Some answers to questions asked Peter: Today youth are baptized at 17-20 and after that they may get married and men do pick their own spouse. There is no divorce.—Teachers salary is about $650 per month and that comes from within the Mennonite community, no government subsidy.—The covering of the little girls heads is strictly the preference of the family, but in the old beliefs, after the women are married, they wear the small black hat or scarf.—Mennonite ‘doctors’ have no further education, just learn from the older ones. They mainly treat the minor things, but for something serious, they will go to a Mexican hospital.--

After our tour we had lunch in a Mennonite home. It was quite an arrangement. In one room, they had set up long tables which could serve a capacity of about 80 people. The tables were already set with baskets of rolls, plates of salami and cheese, pickles, homemade butter and plates of wonderful cookies and pastries. Many of us came out suffering from an overdose of sugar, but oh, was it worth it.
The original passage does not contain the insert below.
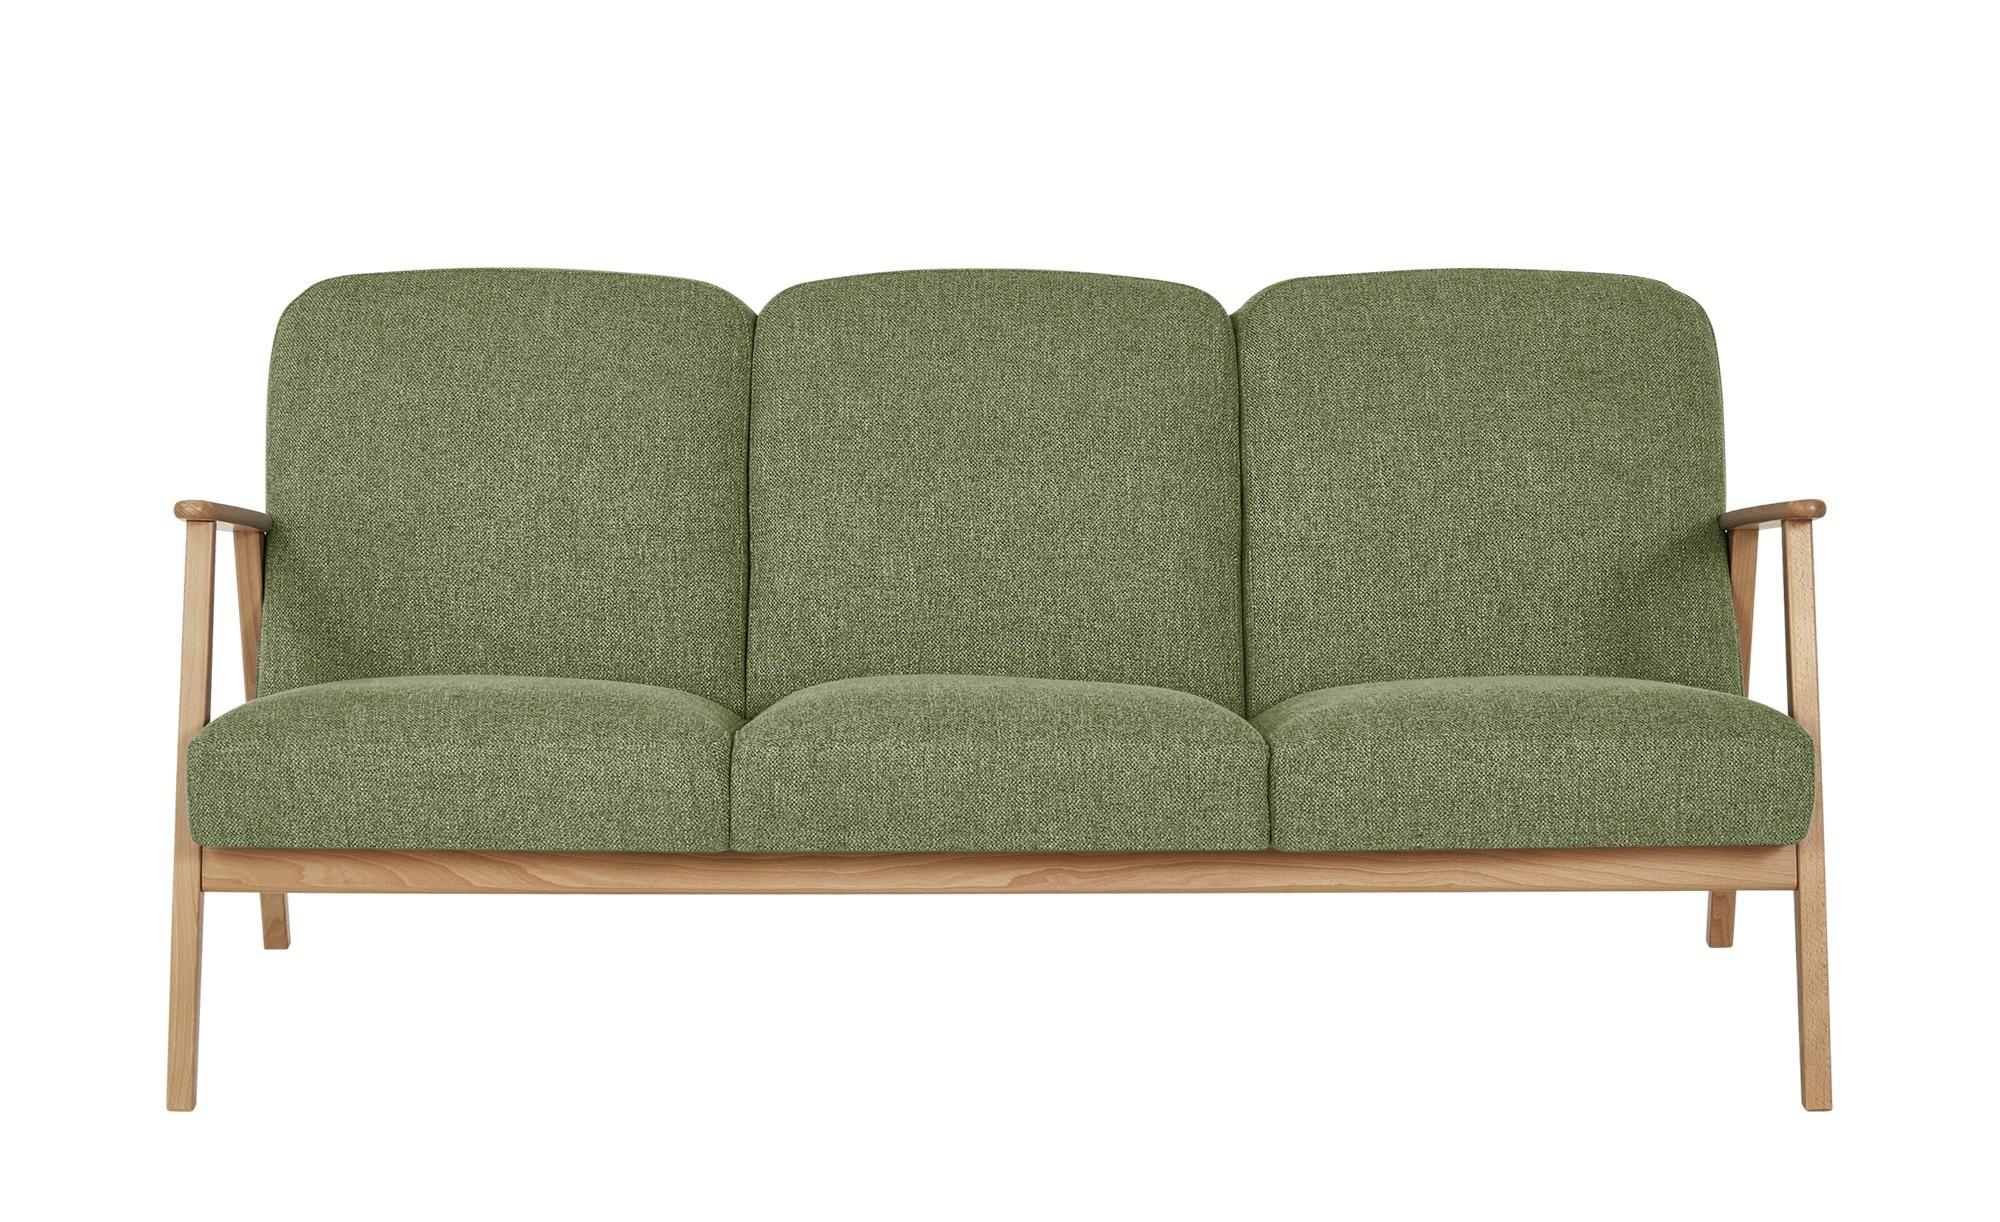 Smart Sofa Rada In 2019 Sofa Design Gunstige Sofas Und Big Sofa Kaufen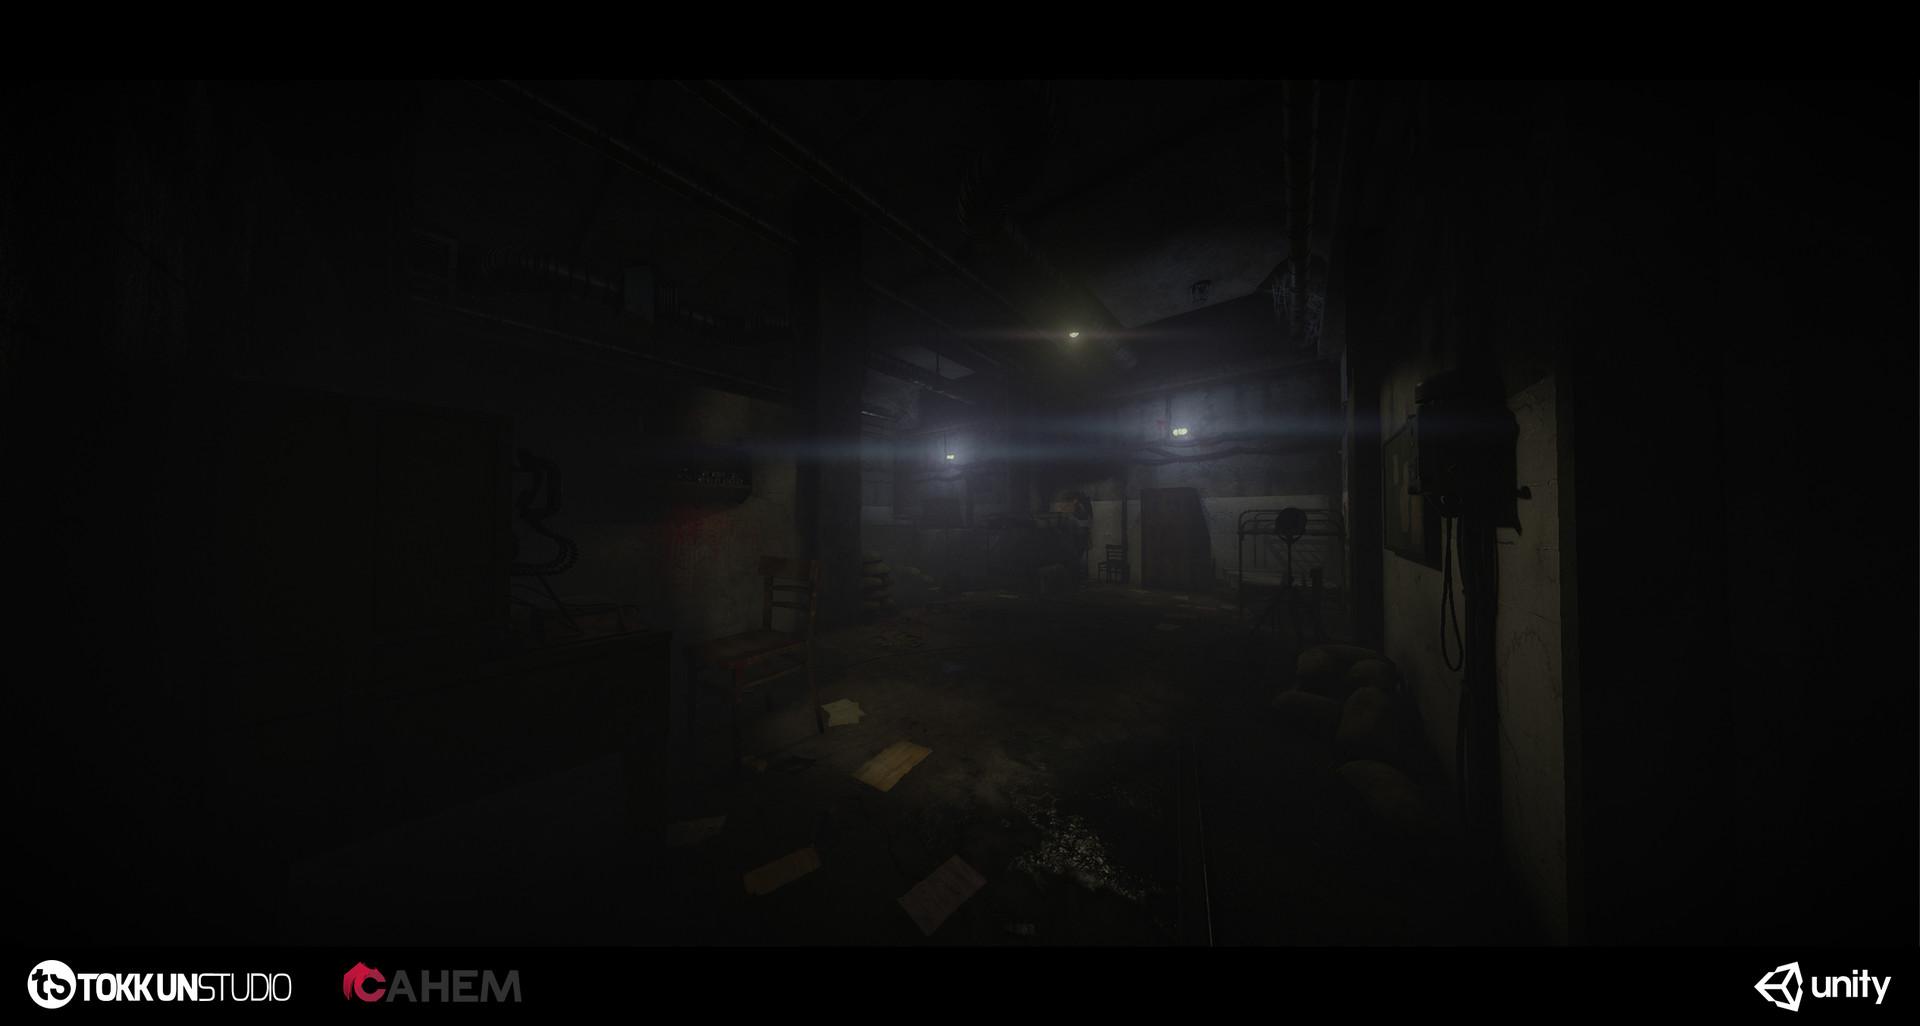 Tokkun studio bunker shot 07

When we arrived, there was already another group there and for the 65+people, everything was handled very efficiently by 2 young ladies. Lunch was $5.00 and for 65 people, they did OK.

Here are some of the folks at the lunch:
Facing the camera and going from RIGHT to LEFT are:
Jim & Sherryll Compton, Sharon Wallace & Bill Wethington, and Herm & Dorothy Ter Horst.
Behind them, and facing the camera from right to left are:
Norma & Bill Emerick, and Ruth Carothers & Byron Walkley, and John & Melba Hinrichs.

On the way to school, Peter had pointed out to us that this year had been colder and colder longer than years previously. As our trip progressed, the clouds became more present and the rain was upon us----making what looked to be ‘splatters’ on the windshield.---No that couldn’t be SNOW—we came South to miss that white stuff!! We stopped by a local marketplace to get some last minute supplies and it indeed was ‘thick’ rain by the time we got home.

Oh,Oh, at 5:30,as we headed to the social room at the campground, it had begun to SNOW---making for some ‘not so happy campers” After relaxing and warming up by his nice warm stove, our day slowed down with an excellent dinner served by Peter’s wife, mother and 2 friends. Delicious home cooked pork chops with all the fixin’s, again no restraints on calories or carbs, but oh so good.

Our Railroad travel briefing was held and this trip has even more details than we expected, but then our wagonmaster pointed out---this is an “Adventure” Caravan. Night ended by playing Adventure Caravan bingo, using the names of the people/rigs as spaces and frijoles beans for markers.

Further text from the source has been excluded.